* Work item
Output every line below exactly, please, omitting pictures.

* Data

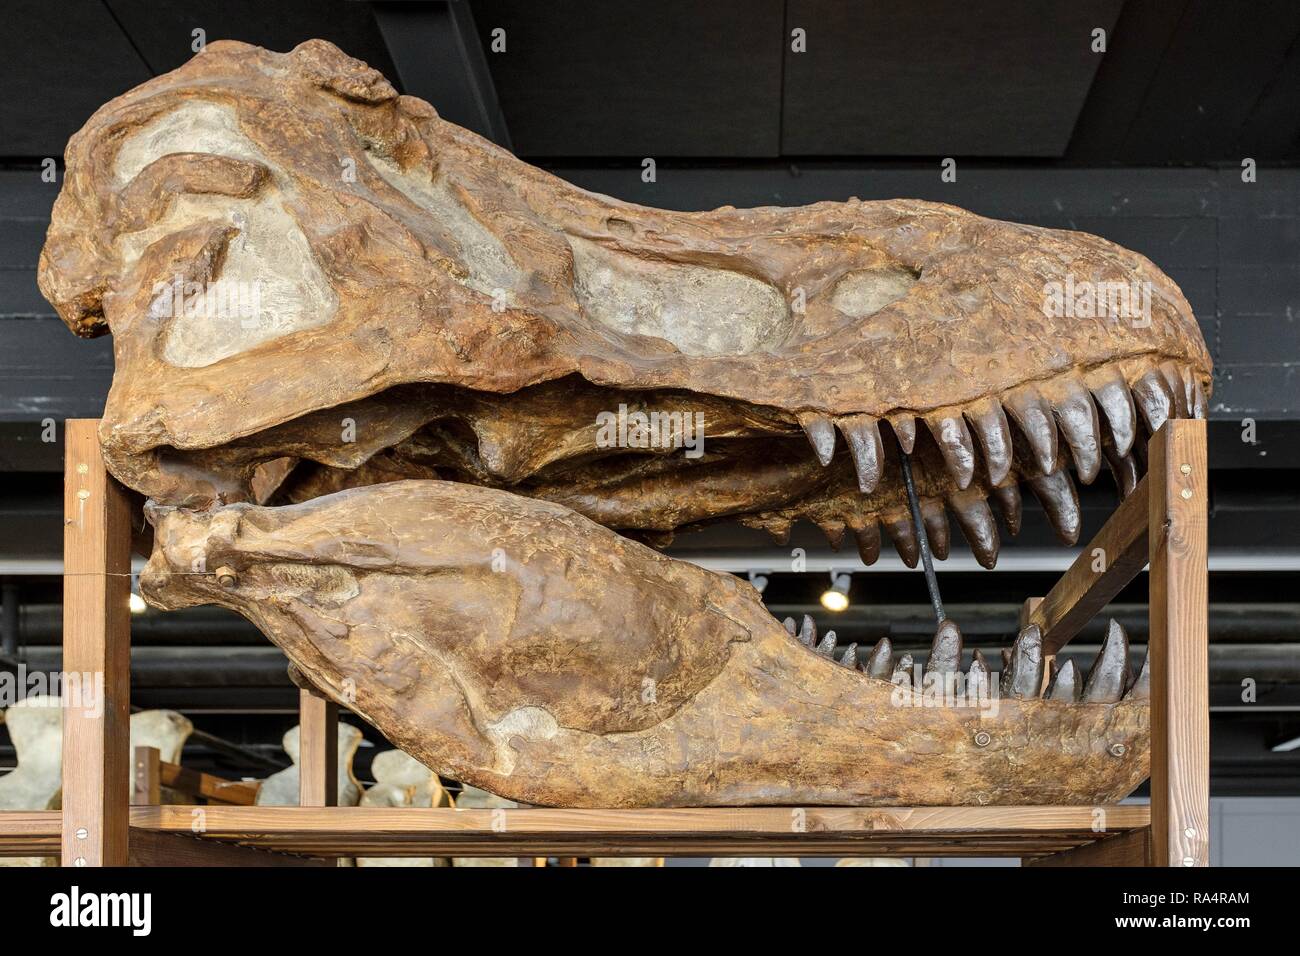 Dania - region Zealand - Kopenhaga - Muzeum Historii Naturalnej - Muzeum Zoologiczne , eksponat - model czaszki prehistorycznego gatunku dinozaura - Tyranozaur Denmark - Zealand region - Copenhagen - Stock Photo
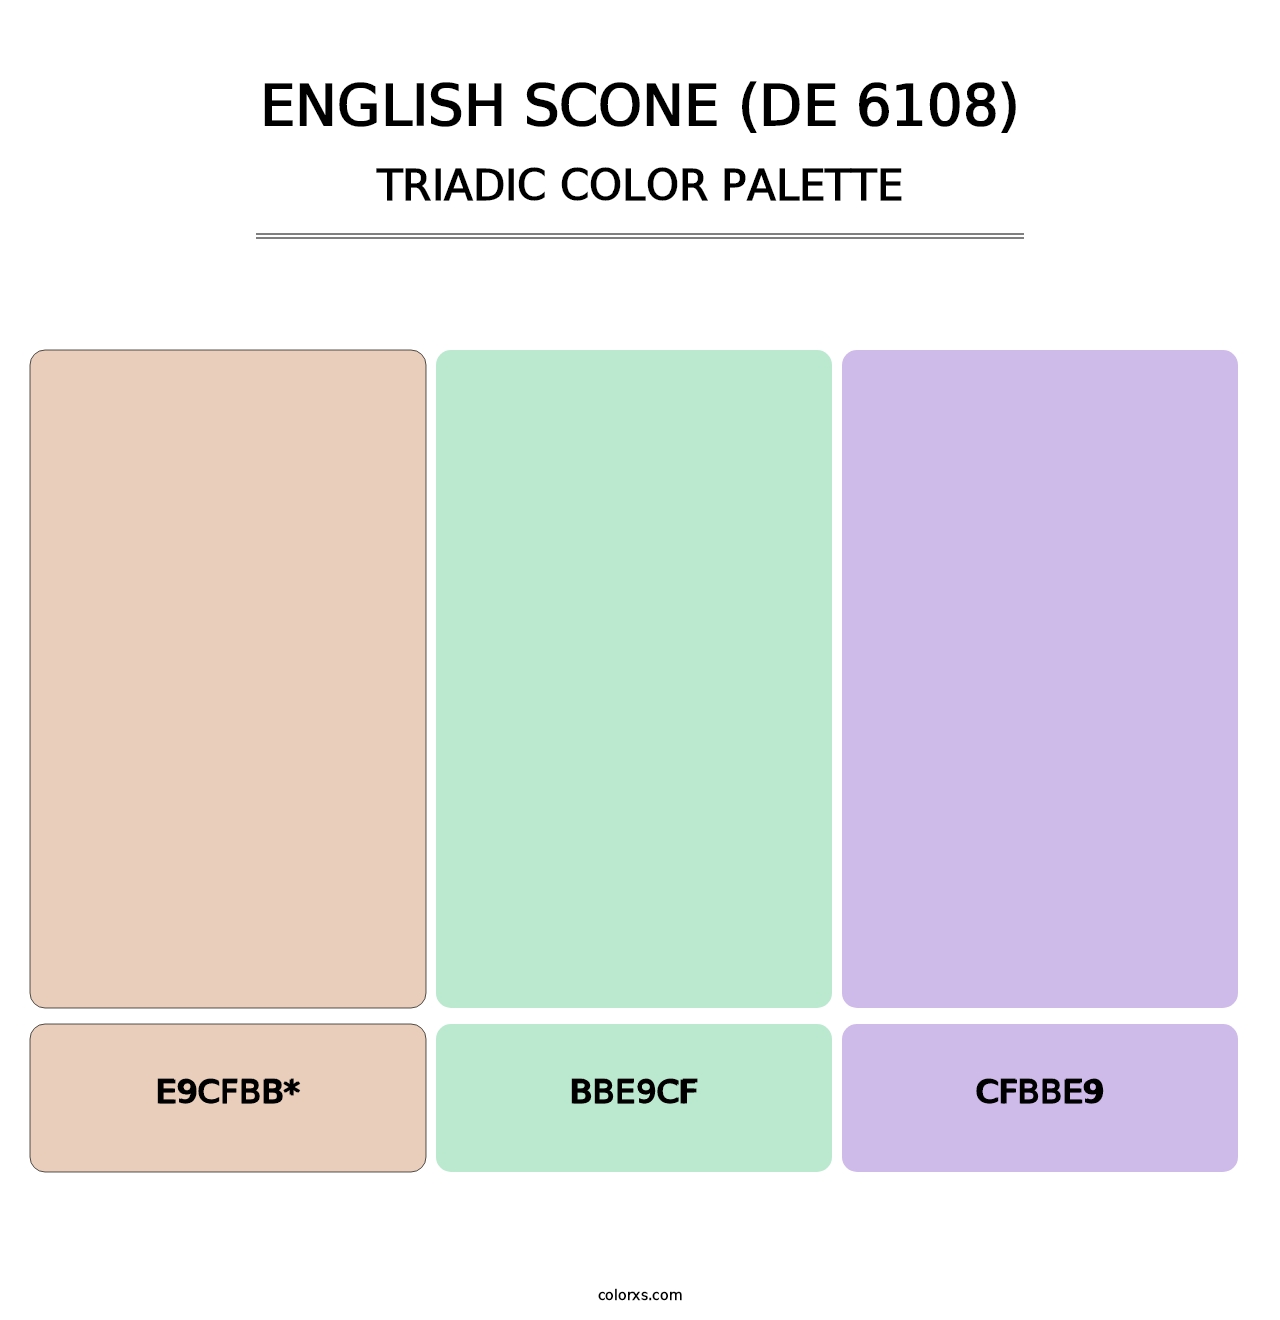 English Scone (DE 6108) - Triadic Color Palette
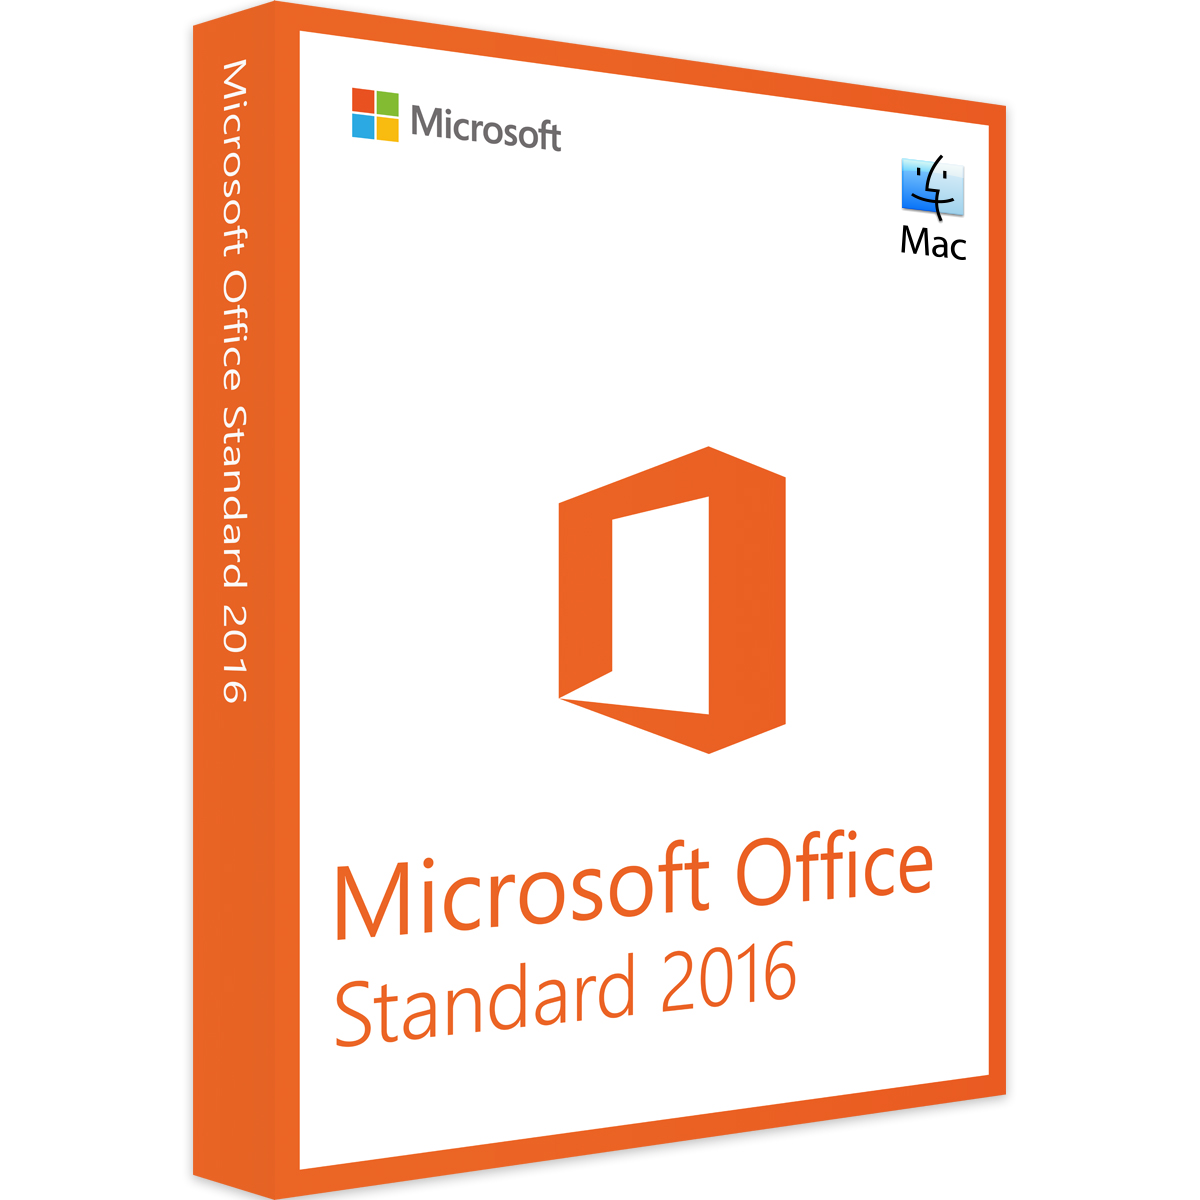 Microsoft Office 2016 for Mac 16.14 Full Cracked

* The answer
 Dania - region Zealand - Kopenhaga - Muzeum Historii Naturalnej - Muzeum Zoologiczne , eksponat - model czaszki prehistorycznego gatunku dinozaura - Tyranozaur Denmark - Zealand region - Copenhagen - Stock Photo
 English Scone (DE 6108) - Triadic Color Palette
 Microsoft Office 2016 for Mac 16.14 Full Cracked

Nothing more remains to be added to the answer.